Typologies as a Means of Creating Alerts

Business advisory

Marvin Esquivel

Typologies refer to the classifications and descriptions of techniques used by criminal organizations to give the appearance of legitimacy to funds of licit or illicit origin to eventually transfer them from one place or person to another with the purpose of financing illegal activities. Understanding the typologies used by some organizations is critical; we must assess clients thoroughly before accepting a contract offer.

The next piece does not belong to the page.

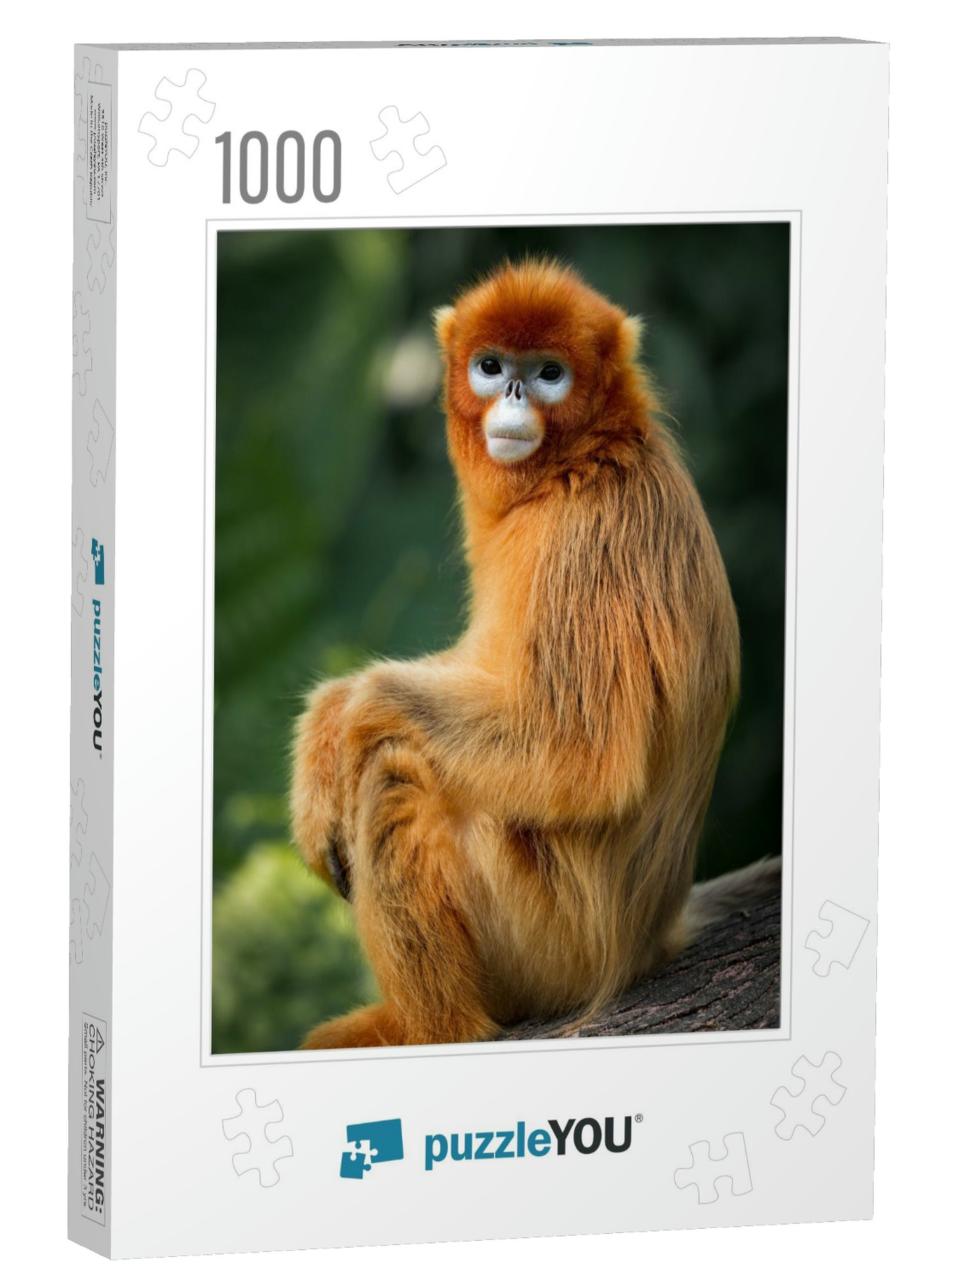 The Snub Nosed Monkey Portrait... Jigsaw Puzzle with 1000 pieces

Money laundering typologies pose a risk not only to our profession but also to the general public. Therefore, it is our social responsibility to raise awareness among other professionals and individuals regarding the methods used by money launderers. By doing so, we can help fight the proliferation of money laundering activities and reduce their impact on society.

As auditors, professional skepticism is our fundamental tool to identify various typologies. Using our ability to question situations will significantly reduce risks. We must locate suspicious operations using risk matrices and external data to assess records in our audits or when providing services to clients. We can identify suspicious operation records by checking documents provided by the potential client and by utilizing the “know your client” approach.

Commercial activities and financial transactions require our watchful eyes, and the identification of typologies through the analises provided by our documents. These activities include car sales, fund remittances, money transfers from abroad (unverified financial flows), suspicious money movements that appear legitimate, cross-border money transportation, shell companies, sales or trading activities where the fund sources are suspicious such as real estate, software development, gold trading, wildlife purchase and sale, medical products trade, purchase and sale of works of art, among others (data obtained from the Narcotics Institute of Costa Rica).

Of course, not all the commercial activities mentioned above are illicit. However, they may raise red flags as different typologies have been determined with reported suspicious operations.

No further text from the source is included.